Always great to have those fancy-looking, curvy table tops you see in the magazines. But $$$ are always a factor, so if the custom-built radio furniture guys come in too high, don't discount using local kitchen cabinet shops. After all, most studio designs are simply a combination of island-table top surfaces and cabinets for equipment. If you are in an old building, using local installers will help with those problematic rooms with odd-shaped walls, or floors.
Since the counter-top gets the most wear in actively used studios, this may allow you to go with Corian or similar surfaces rather than the customary laminates. Our original studio configuration with a laminate top lasted through some 20 years of live programming, but it was pretty worn when we bit the bullet and replaced everything. And the most wear was on the table-top edges, where belt buckles, swivel chairs, etc. just peeled off the edges.
Rack-mount equipment: You can buy just the rack rails from Middle-Atlantic. In our "the owner is Scots-Irish with New England Yankee cheap bred in" rebuild,(that's me!) I used a cut-down 24" kitchen cabinet base from Lowes for floor-mounted racks. Finish 2 x 4's painted black spaced in the rack rails; pulling the drawer and shimming in a perforated vent panel kept everything from overheating. I am sure your local kitchen cabinet guys can come up with something better if you give them the rack rails and a couple of rack panels for spacing.

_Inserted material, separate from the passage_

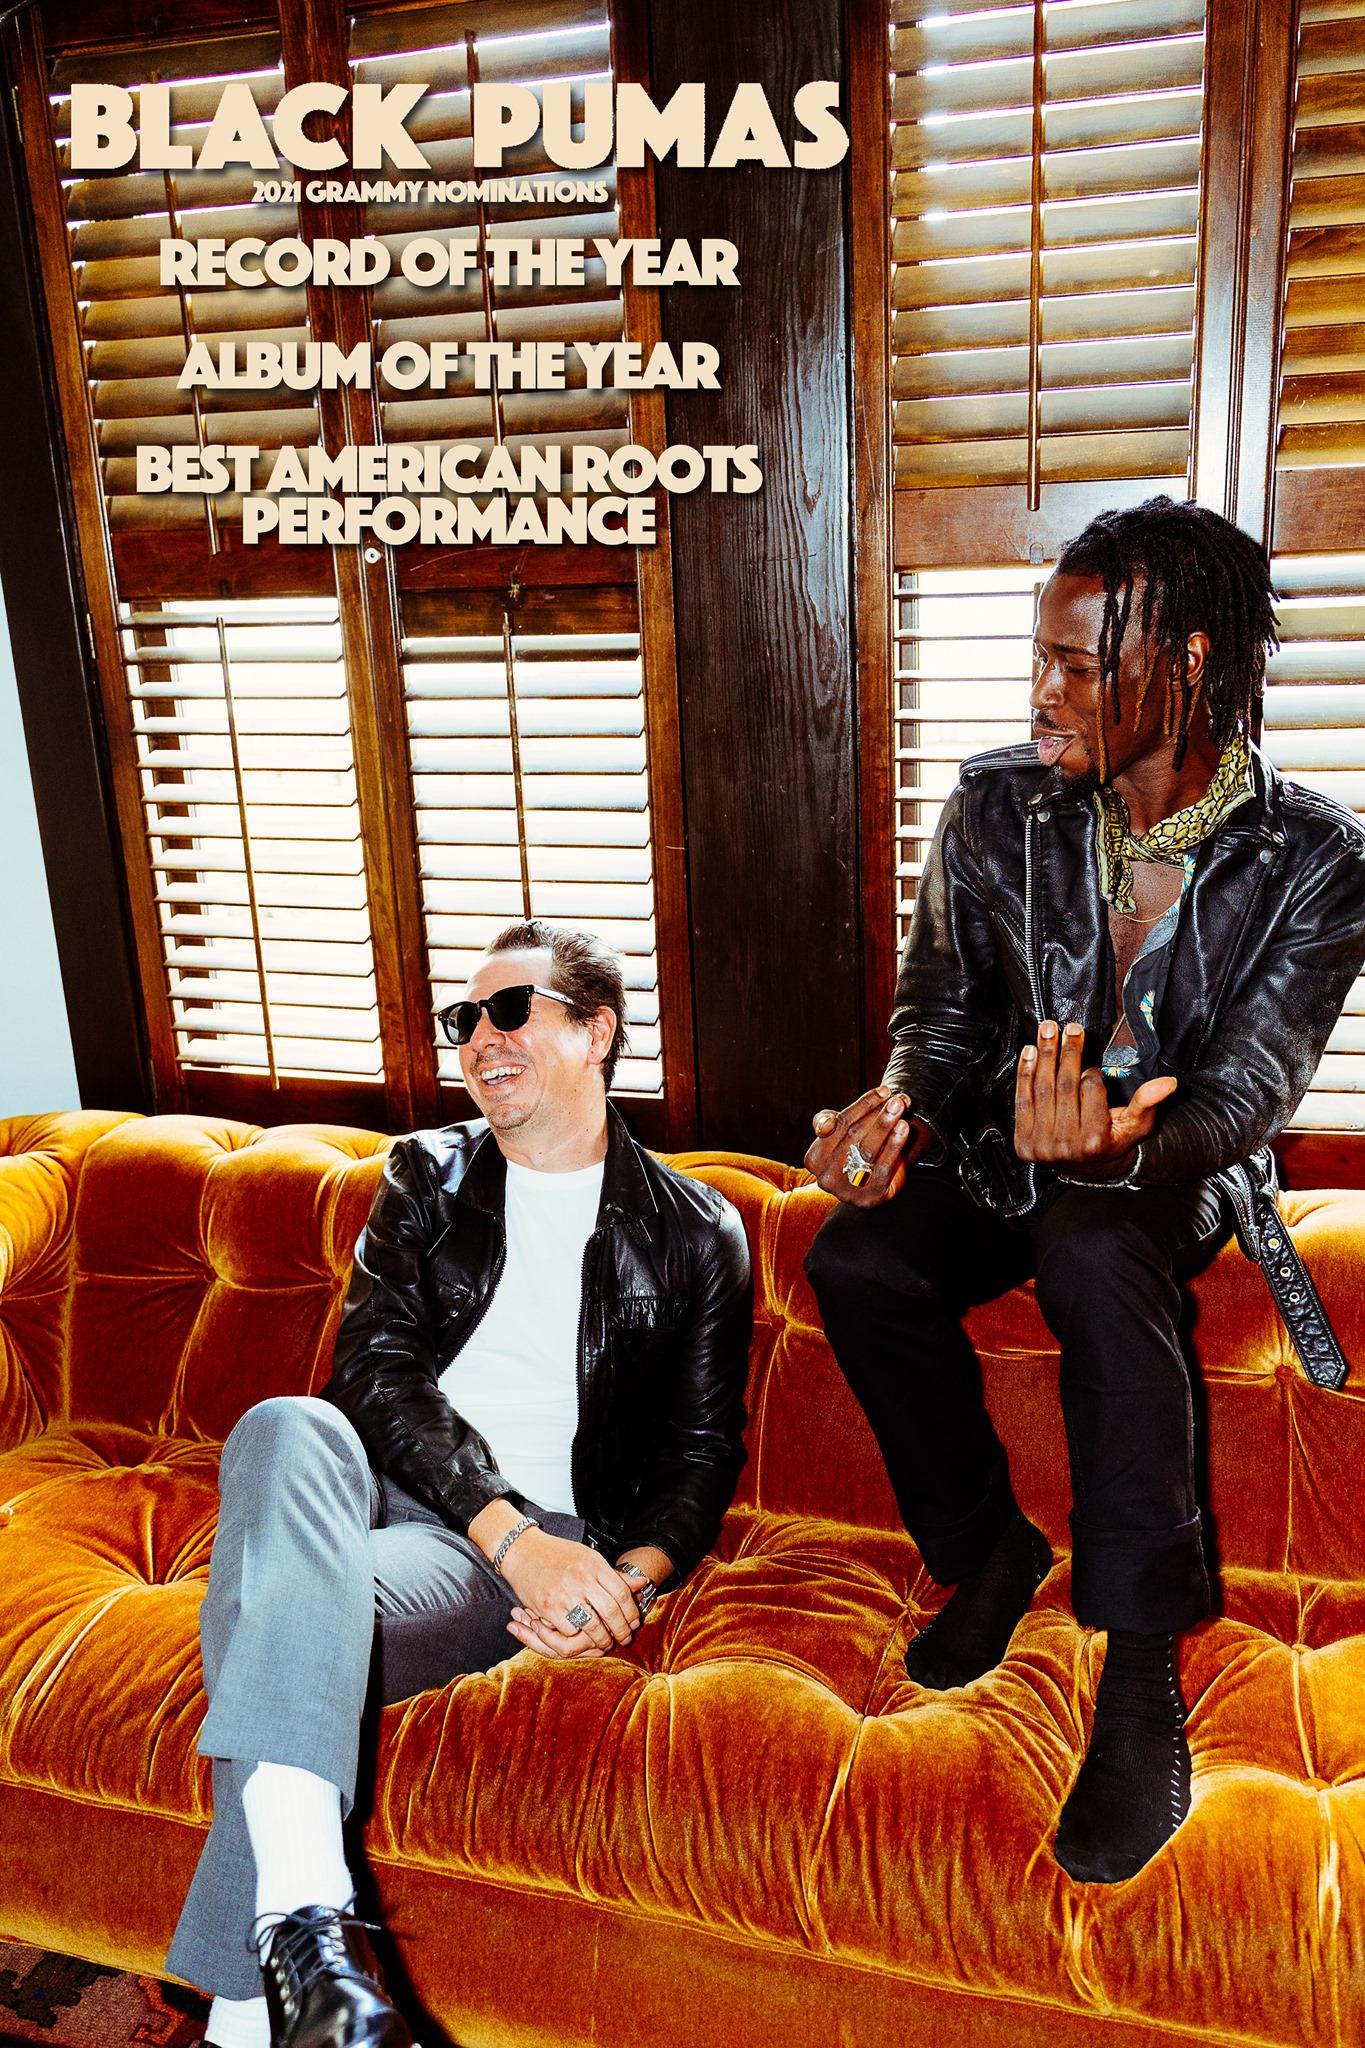 Black Pumas, 2021 Grammy nominees!
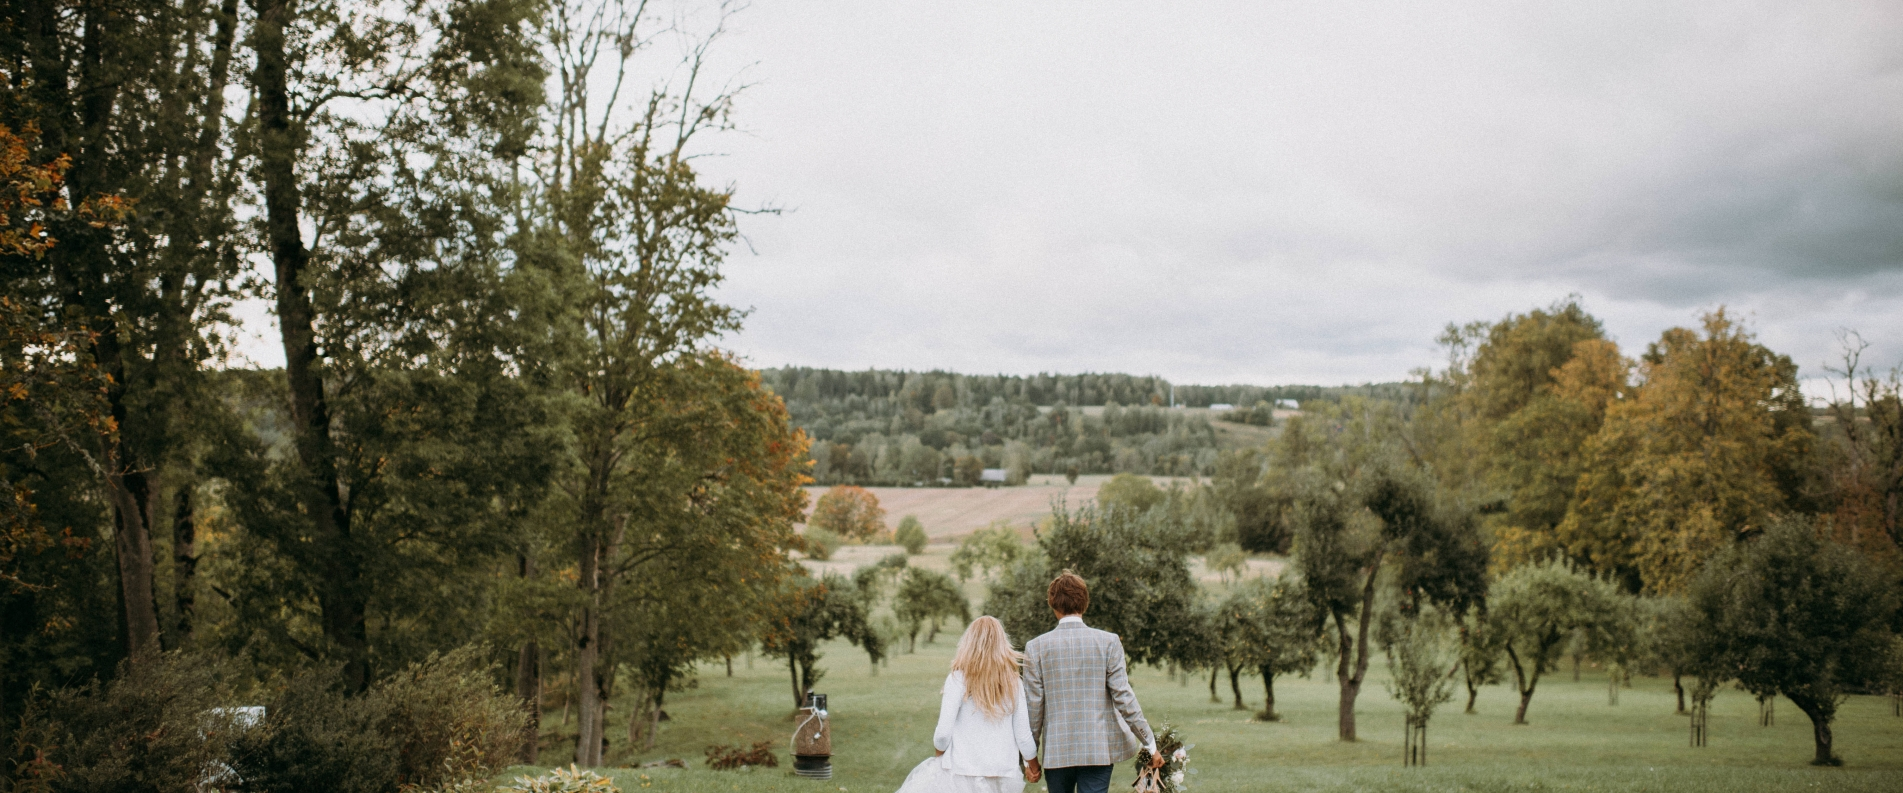 dace-haralds-by-miks-sels-weddings-623_3420-bad6a4b252379c4bf0f93acf146fe0ac.jpg

Our final control room installation cost around $2K with installation (of the cabinetry, not the electrical/electronics wiring). It is "T" shaped, using 2/24" cabinets (for the rack mount equipment), a 36" sink base, a 30" cabinet, and another 30" drawer base. The top of the "T" runs along the studio wall, the arm of the "T" goes out about 5 feet and is supported by the 30" cabinet, holding up the console & allowing for two guest positions opposite the board op. (If you are counting up--there's a gap at the head of the "T" for my wiring terminations--the wall is about 13"). Since stock kitchen cabinets are 35+", our installer cut them down by about 4 1/2 inches to be closer to standard desk top. Granted, hard to get an even cut, but in our case a poured concrete floor made that academic--everything had to be played with to get it level. New carpet camouflaged the edges.
This design contemplated nothing on top of the counter-top except for the console, LCD monitor, kb & mouse, and a telephone. The extra drawers provide lots of studio storage space for pens, legal pads, etc. that accumulate in the studio; the two rack cabinets held Starguides, EAS, console p.s., monitor amp; the sink base the computer and the usually special purpose kluge boxes.
Anyway, before you become wedded to the custom built "broadcast" furniture, you might inquire about local kitchen cabinet builders. One source of referral info is your local franchise restaurant owners, who use a lot of custom built counter-tops and cabinets that have to hold up to a lot of abuse.